## Exercise goal:
Give the listing back in full, exactly as written, with the pictures removed.

## Information supplied:
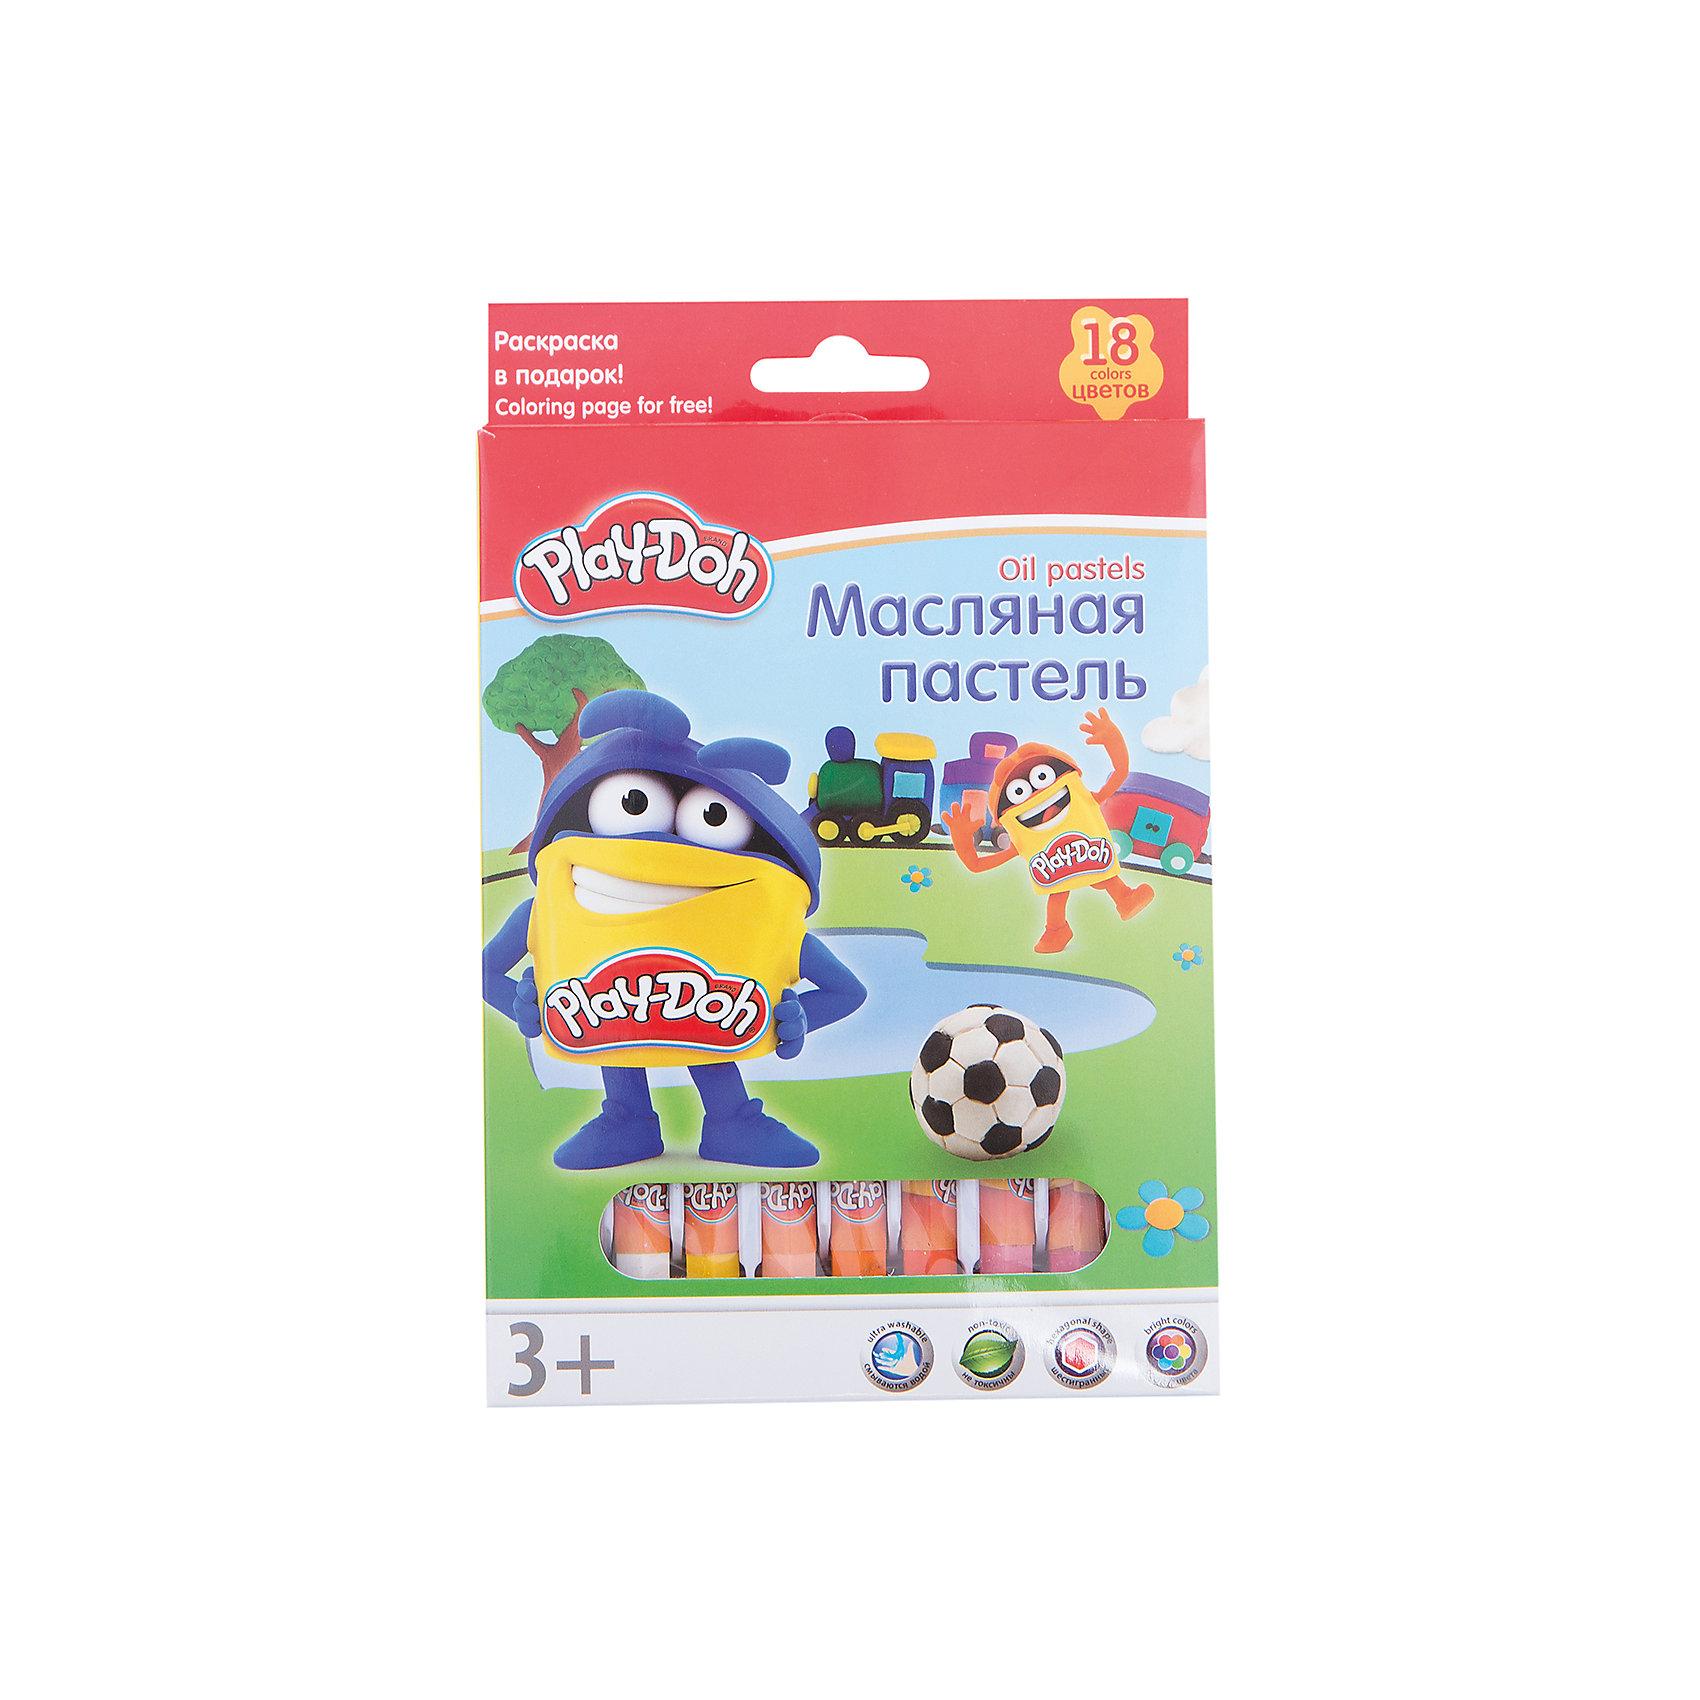 Play-Doh Масляная пастель 18 цветов в картонной коробке + 2 раскраски Размер 19,8 х 13 х 1,8 см.Масляные и восковые мелки<br>Характеристики товара:<br><br>• в комплекте: 18 мелков, 2 раскраски;<br>• размер мелка: 7,2х1,1 см;<br>• возраст: от 3-х лет;<br>• размер упаковки: 1,8х13х19,8 см;<br>• вес: 198 грамм;<br>• страна: Китай.<br><br>С масляной пастелью ребенок создаст яркие и красивые рисунки, которые станут украшением любого дома. В комплект входят 18 мелков и 2 раскраски.<br><br>Мелки имеет обертку, чтобы ребенок не испачкался во время рисования. Пастель хорошо ложится на поверхность, оставляя мягкие штрихи.<br><br>Play-Doh (Плей До) Масляную пастель 18 цветов в картонной коробке + 2 раскраски Размер 19,8 х 13 х 1,8 см можно купить в нашем интернет-магазине.<br><br>Ширина мм: 198<br>Глубина мм: 130<br>Высота мм: 18<br>Вес г: 200<br>Возраст от месяцев: 36<br>Возраст до месяцев: 72<br>Пол: Унисекс<br>Возраст: Детский<br>SKU: 6892445
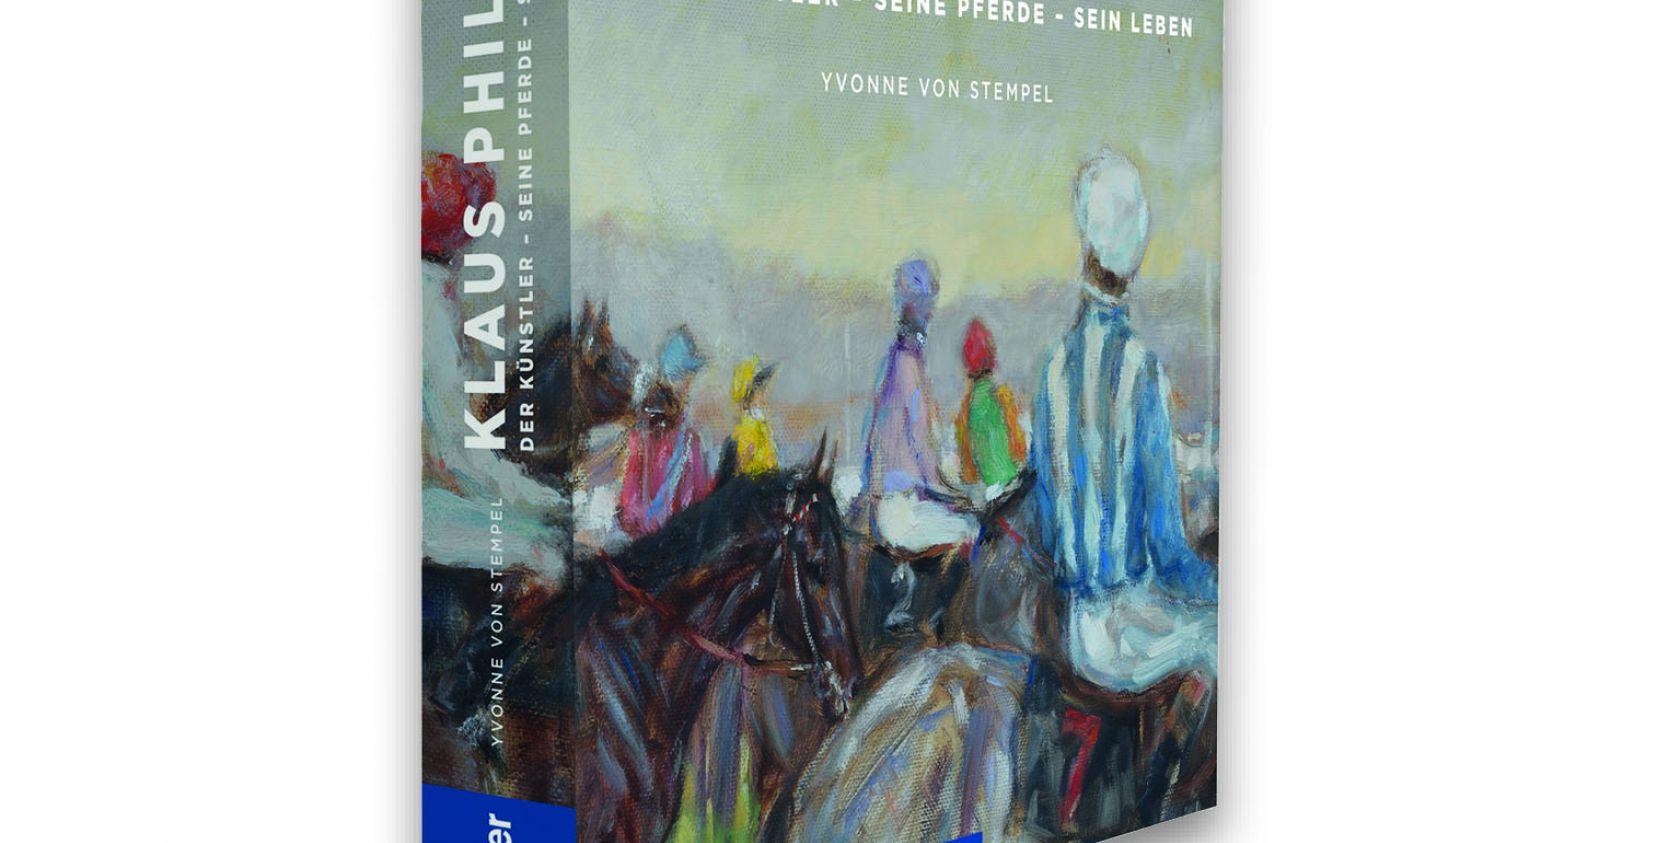 Klaus Philipp Der Künstler – seine Pferde – sein Leben
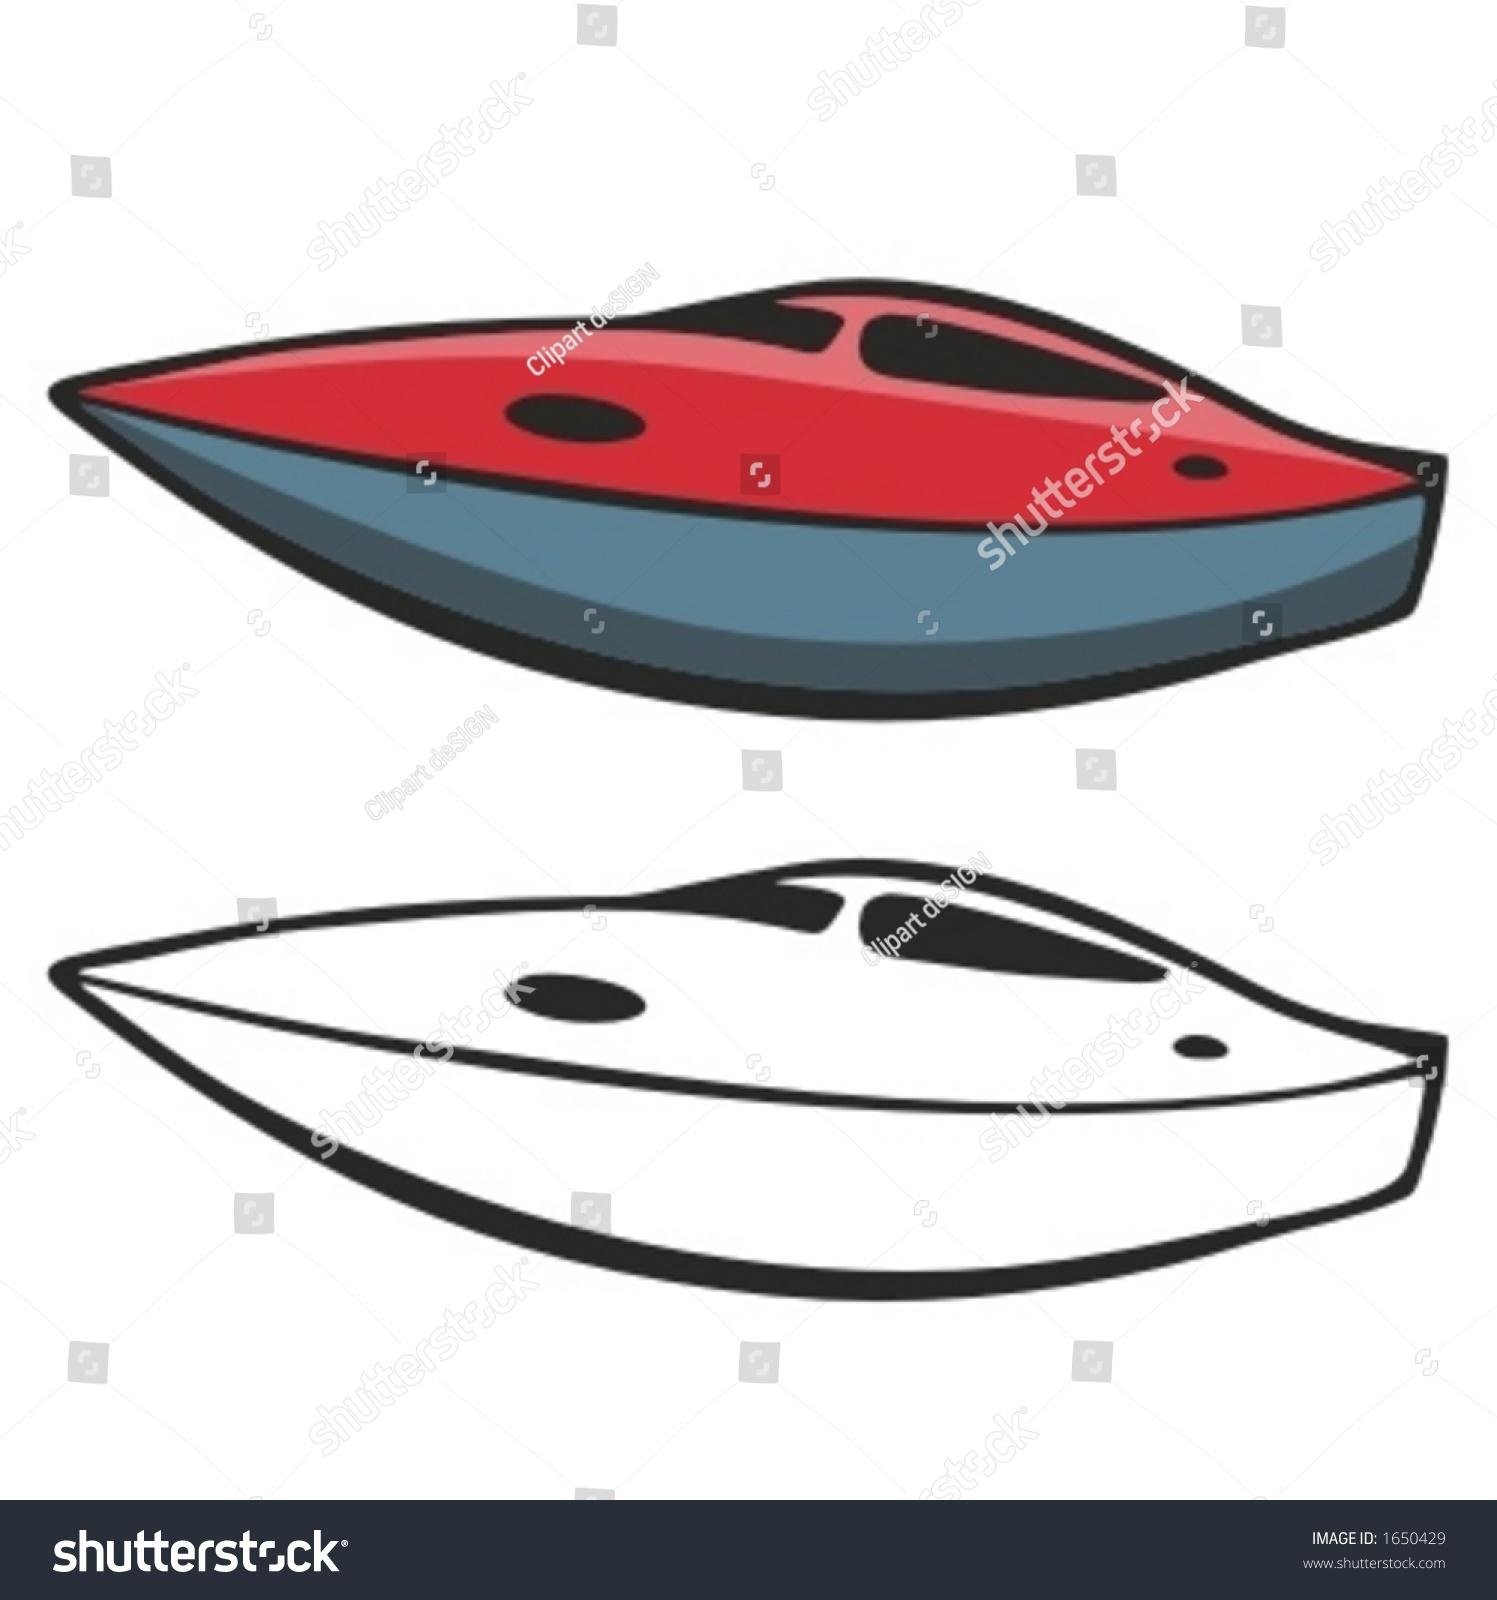 Motor Boat Vector Illustration Stock Vector 1650429
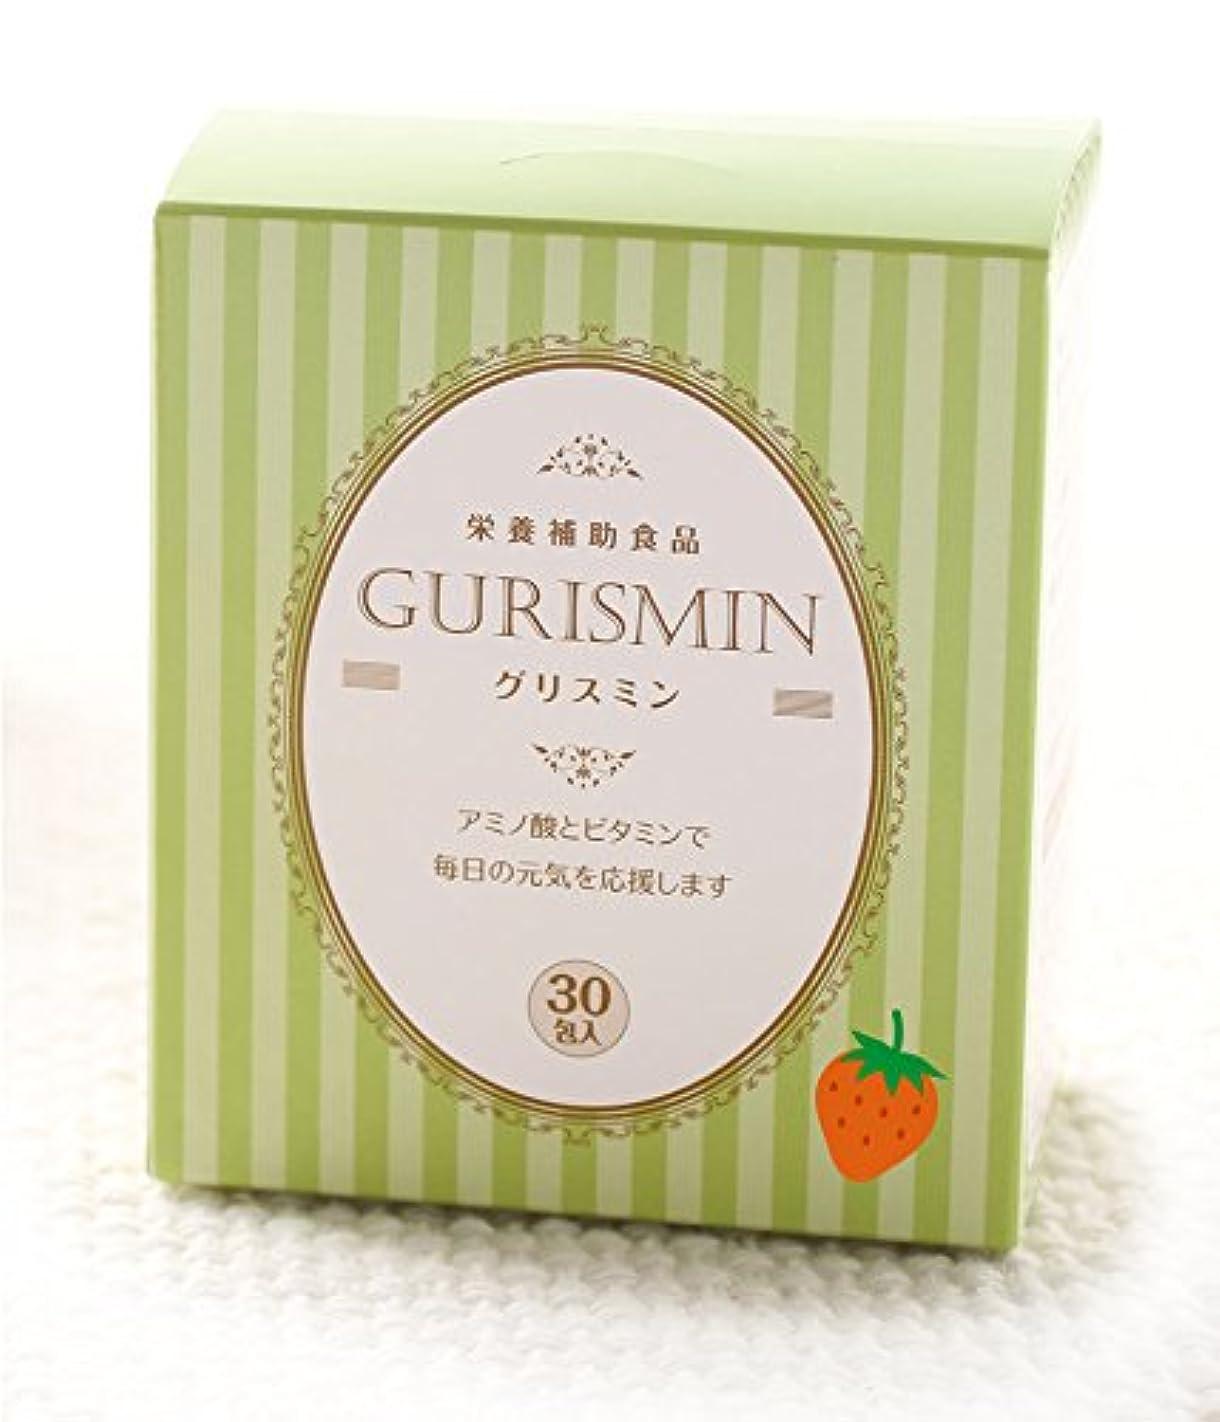 うなずくつぼみ定期的グリスミン いちごヨーグルト味 30包入

## Solution for this task:
 Play-Doh Масляная пастель 18 цветов в картонной коробке + 2 раскраски Размер 19,8 х 13 х 1,8 см.Масляные и восковые мелки<br>Характеристики товара:<br><br>• в комплекте: 18 мелков, 2 раскраски;<br>• размер мелка: 7,2х1,1 см;<br>• возраст: от 3-х лет;<br>• размер упаковки: 1,8х13х19,8 см;<br>• вес: 198 грамм;<br>• страна: Китай.<br><br>С масляной пастелью ребенок создаст яркие и красивые рисунки, которые станут украшением любого дома. В комплект входят 18 мелков и 2 раскраски.<br><br>Мелки имеет обертку, чтобы ребенок не испачкался во время рисования. Пастель хорошо ложится на поверхность, оставляя мягкие штрихи.<br><br>Play-Doh (Плей До) Масляную пастель 18 цветов в картонной коробке + 2 раскраски Размер 19,8 х 13 х 1,8 см можно купить в нашем интернет-магазине.<br><br>Ширина мм: 198<br>Глубина мм: 130<br>Высота мм: 18<br>Вес г: 200<br>Возраст от месяцев: 36<br>Возраст до месяцев: 72<br>Пол: Унисекс<br>Возраст: Детский<br>SKU: 6892445
 Klaus Philipp Der Künstler – seine Pferde – sein Leben
 Motor Boat Vector Illustration Stock Vector 1650429
 うなずくつぼみ定期的グリスミン いちごヨーグルト味 30包入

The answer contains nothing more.